Итак, я мирюсь на время со своей долей… до мая… А почему, спрашивается, в мае может что-нибудь измениться?.. Да как знать!.. И это наводит меня на мысль о том, что могло бы произойти хорошего, замечательного; и мало-помалу, под влиянием этих мыслей, я успокаиваюсь.
И благодаря этому за обедом я болтаю с моей семьей, болтаю самым милым образом, естественно, спокойно, ласково. Словом, я, наконец, успокоилась; и работа теперь пойдет спокойно, и мне кажется даже, что все мои движения будут спокойными, плавными, что я на весь мир буду смотреть с кротким снисхождением.

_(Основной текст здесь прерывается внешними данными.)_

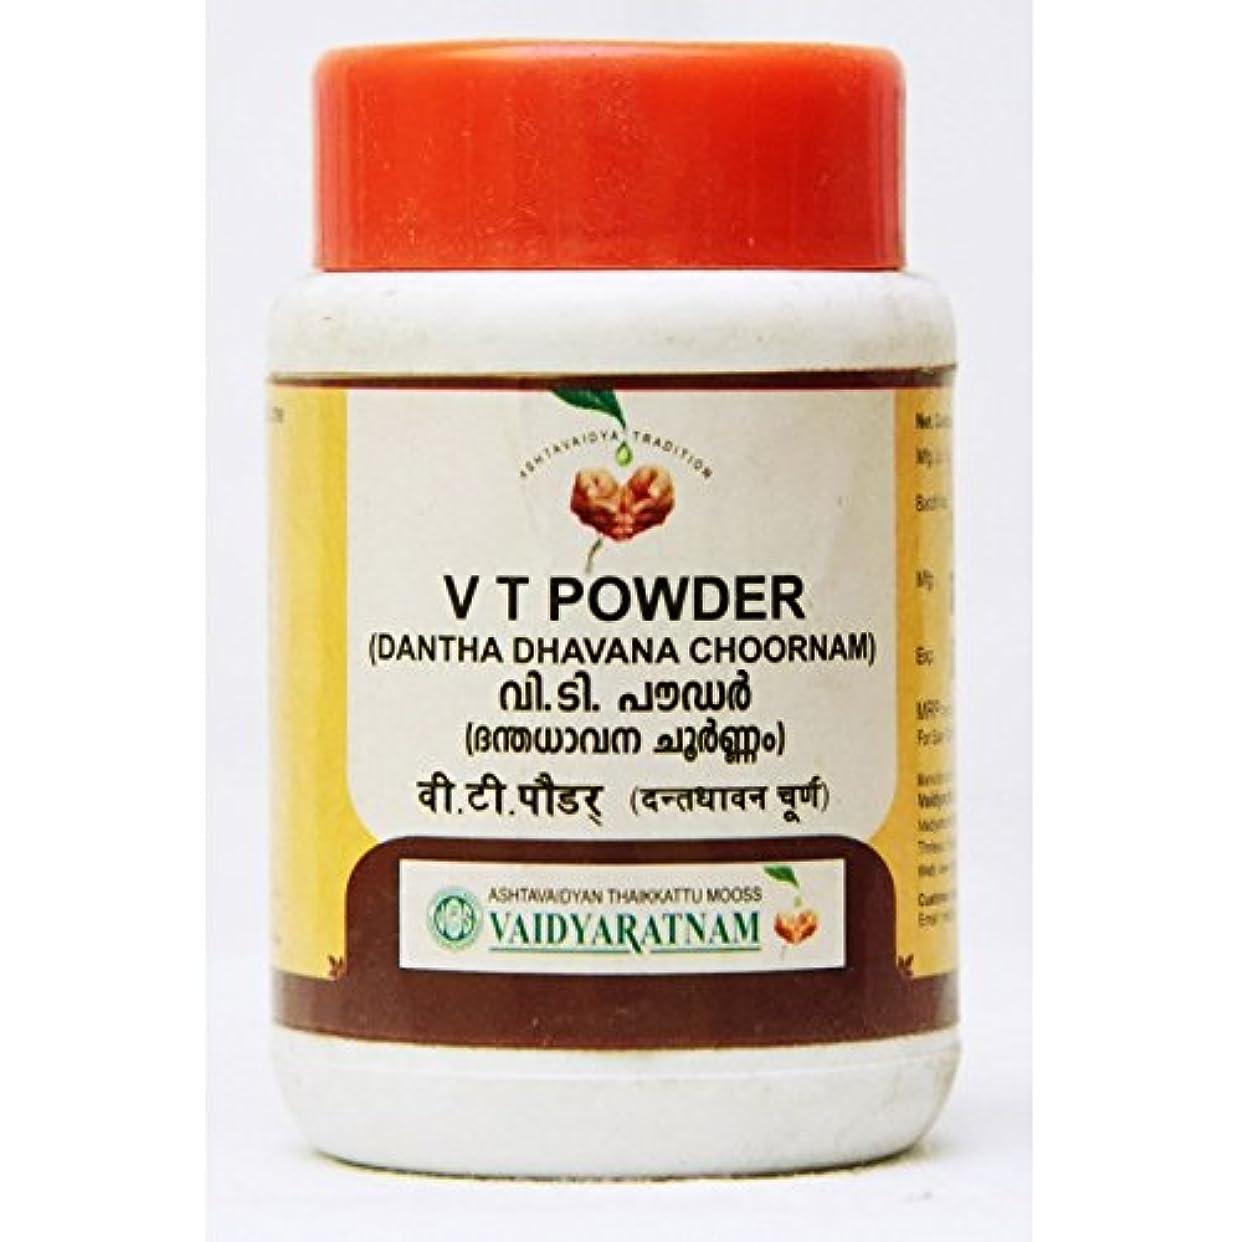 Ayurvedic Vaidyaratnam Tooth Powder ( V T Powder )
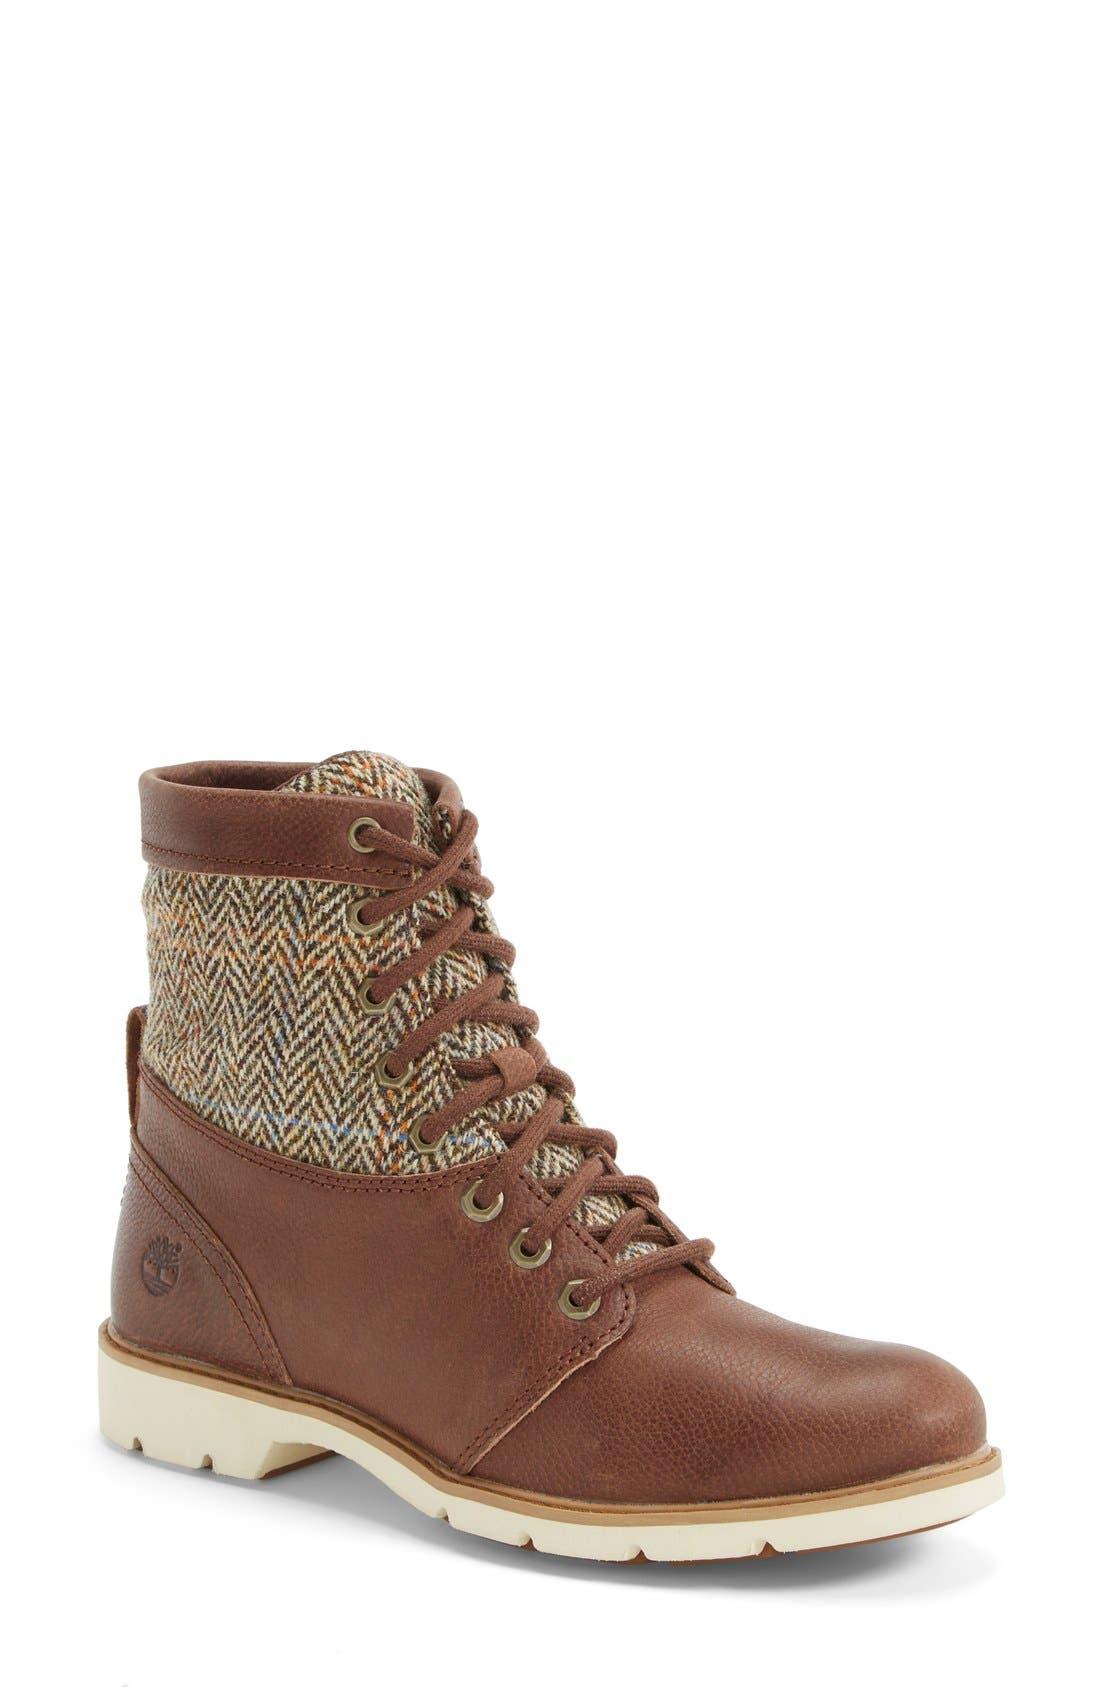 Alternate Image 1 Selected - Timberland 'Bramhall Six Inch' Boot (Women)

Я спокойна, как будто бы я была сильна: а может быть и действительно поэтому… И терпелива, как будто бы была уверена в будущем. Кто знает? Право, чувствую, как в меня проникает какое-то достоинство; я верю в себя. Я представляю из себя силу. Значит… что же? Ведь однако же не любовь? Нет. А между тем ничто не интересует меня вне этого… Ну, и прекрасно, сударыня, чего же лучше; и занимайтесь себе своим искусством.
Четверг, 8 ноября. Прочла я в газете, что вчера на открытии промышленной выставки было большое стечение публики и наши Великие Князья. Я должна была быть там и пропустила день!
Нет, оставим борьбу, судьба мне не благоприятствует… Но все это заставляет меня только петь под аккомпанемент арфы. Ведь если бы я была вполне счастлива, я бы не могла может быть работать. Говорят, что у всякого артиста всегда бывает какой-нибудь конек: мой конек — это все мои неудачи и горести, вновь и вновь приводящие меня к подножию искусства, составляющего единственный смысл и двигатель моей жизни.
О, стать знаменитостью!
Когда я представляю себе в воображении, что я знаменита, — это точно какая-то молния, точно электрический ток; я невольно вскакиваю и принимаюсь ходить по комнате.
Мне скажут, что если бы меня выдали замуж в семнадцать лет, я была бы совершенно как все другие. Величайшее заблуждение. Для того, чтобы меня могли выдать замуж, как всякую другую, нужно было, чтобы я была совсем другая.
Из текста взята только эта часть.